The two-proportionsz-test is used to compare two observed proportions. This article describes the basics of two-proportions *z-test and provides pratical examples using R sfoftware**.

For example, we have two groups of individuals:

Group A with lung cancer: n = 500
Group B, healthy individuals: n = 500

The number of smokers in each group is as follow:

Group A with lung cancer: n = 500, 490 smokers, \(p_A = 490/500 = 98%\)
Group B, healthy individuals: n = 500, 400 smokers, \(p_B = 400/500 = 80%\)

In this setting:

The overall proportion of smokers is \(p = frac{(490 + 400)}{500 + 500} = 89%\)
The overall proportion of non-smokers is \(q = 1-p = 11%\)

We want to know, whether the proportions of smokers are the same in the two groups of individuals?

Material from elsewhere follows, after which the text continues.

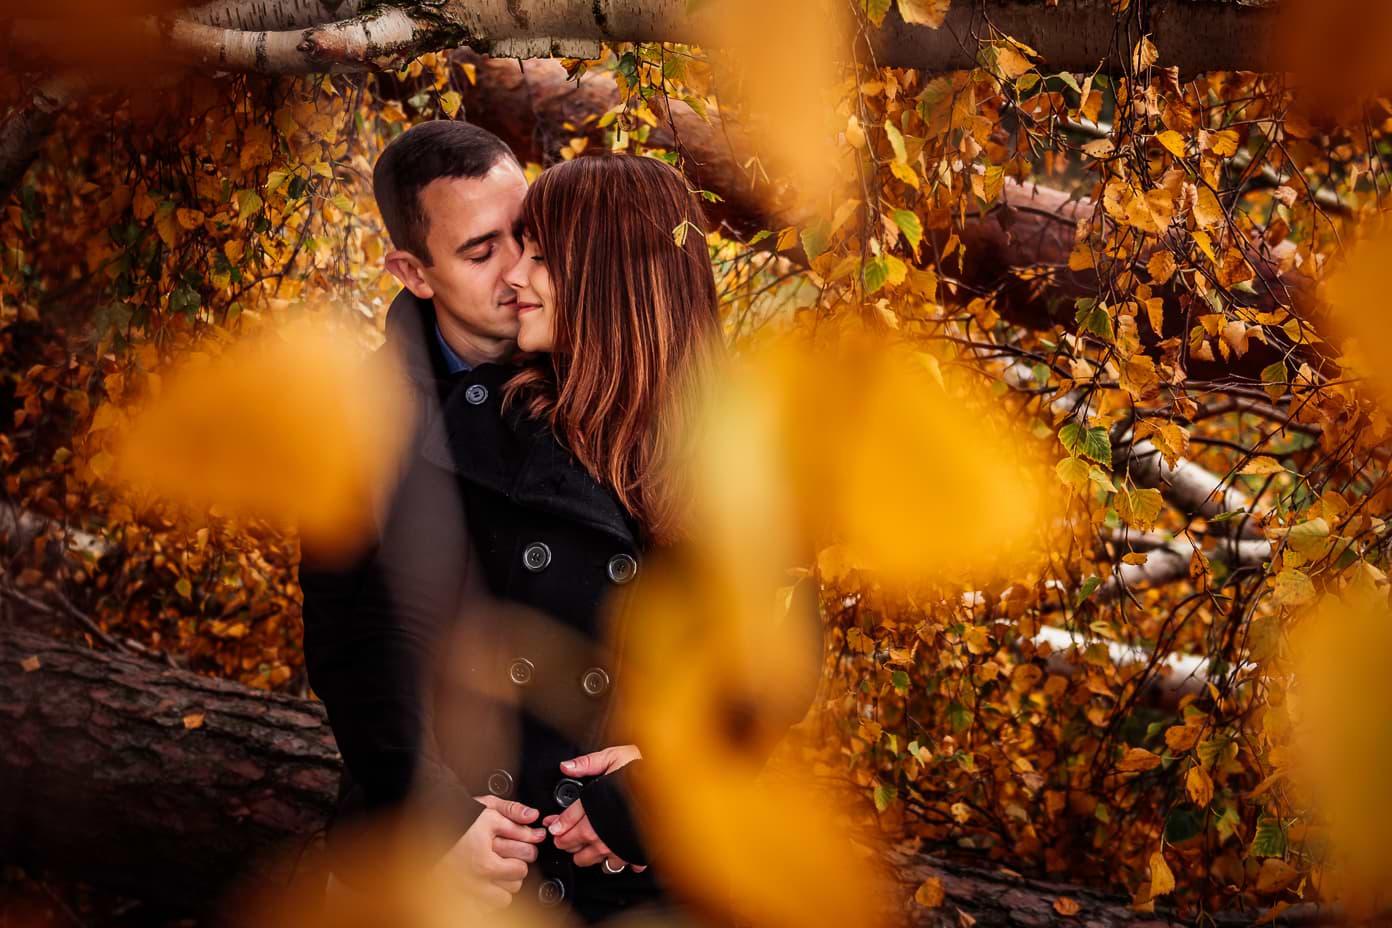 Herbstshooting mit verlobtem Paar

Two Proportions Z-Test in R

Research questions and statistical hypotheses

Typical research questions are:

whether the observed proportion of smokers in group A (\(p_A\)) is equal to the observed proportion of smokers in group (\(p_B\))?
whether the observed proportion of smokers in group A (\(p_A\)) is less than the observed proportion of smokers in group (\(p_B\))?
whether the observed proportion of smokers in group A (\(p_A\)) is greater than the observed proportion of smokers in group (\(p_B\))?

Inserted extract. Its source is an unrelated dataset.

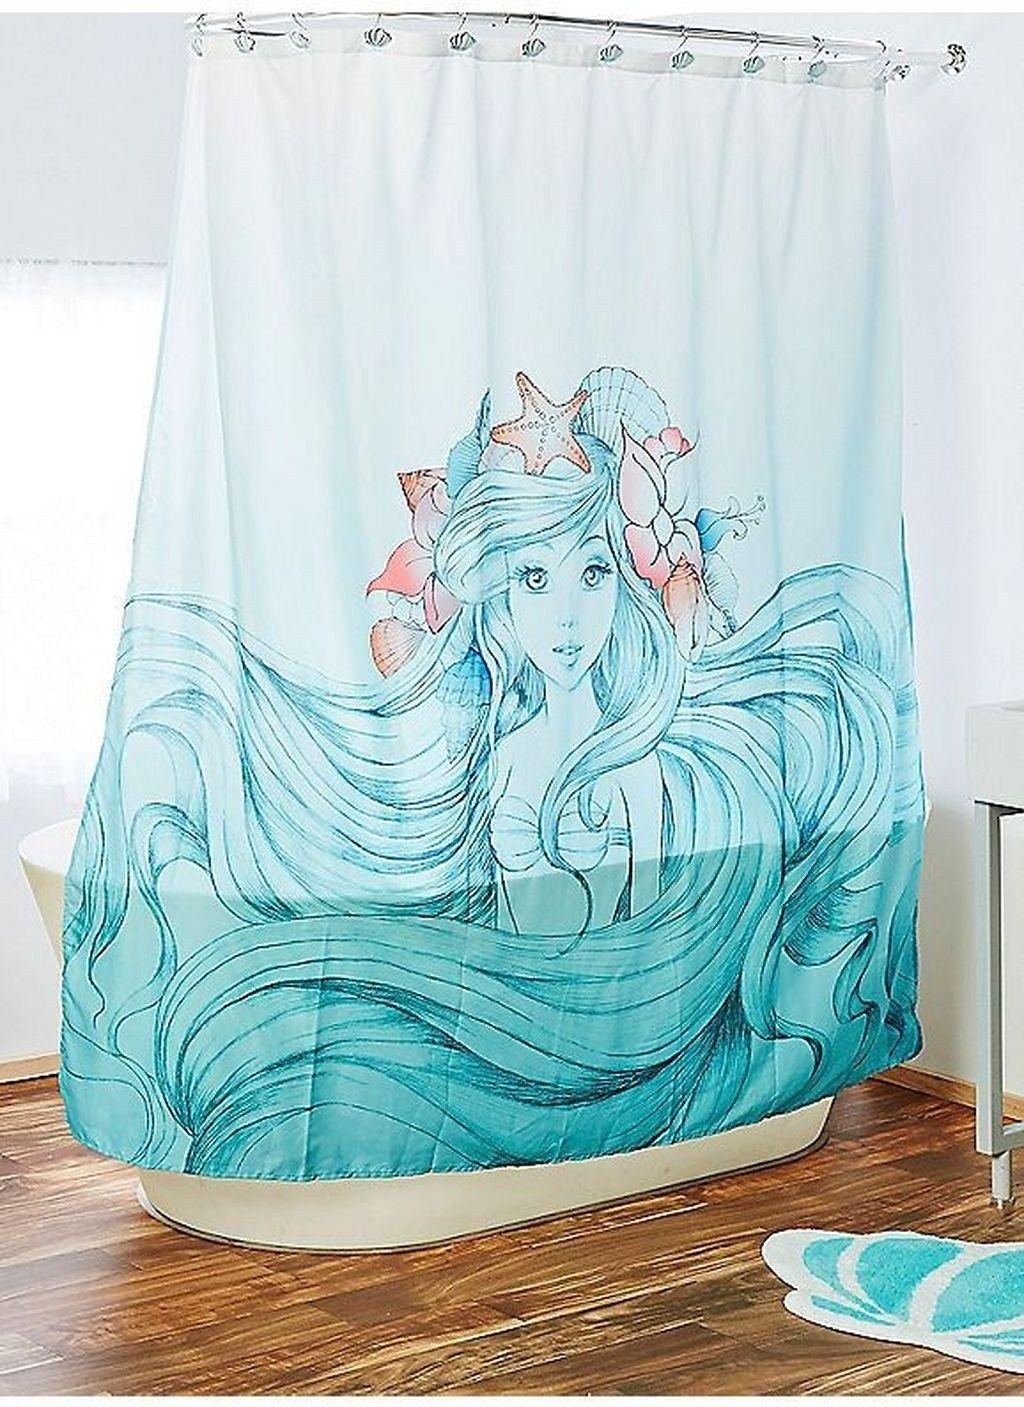 Popular Mermaid Bathroom Decor Ideas18 Mermaid Bathroom Decor Little Girl Bathrooms Little Mermaid Bathroom Mermaid bathroom decor amazon

In statistics, we can define the corresponding null hypothesis (\(H_0\)) as follow:

\(H_0: p_A = p_B\)
\(H_0: p_A \leq p_B\)
\(H_0: p_A \geq p_B\)

The corresponding alternative hypotheses (\(H_a\)) are as follow:

\(H_a: p_A \ne p_B\) (different)
\(H_a: p_A > p_B\) (greater)
\(H_a: p_A < p_B\) (less)

Note that:

Hypotheses 1) are called two-tailed tests
Hypotheses 2) and 3) are called one-tailed tests

Formula of the test statistic

Case of large sample sizes

The test statistic (also known as z-test) can be calculated as follow:

\[ z = \frac{p_A-p_B}{\sqrt{pq/n_A+pq/n_B}} \]

where,

\(p_A\) is the proportion observed in group A with size \(n_A\)
\(p_B\) is the proportion observed in group B with size \(n_B\)
\(p\) and \(q\) are the overall proportions

if \(|z| < 1.96\), then the difference is not significant at 5%
if \(|z| \geq 1.96\), then the difference is significant at 5%
The significance level (p-value) corresponding to the z-statistic can be read in the z-table. We’ll see how to compute it in R.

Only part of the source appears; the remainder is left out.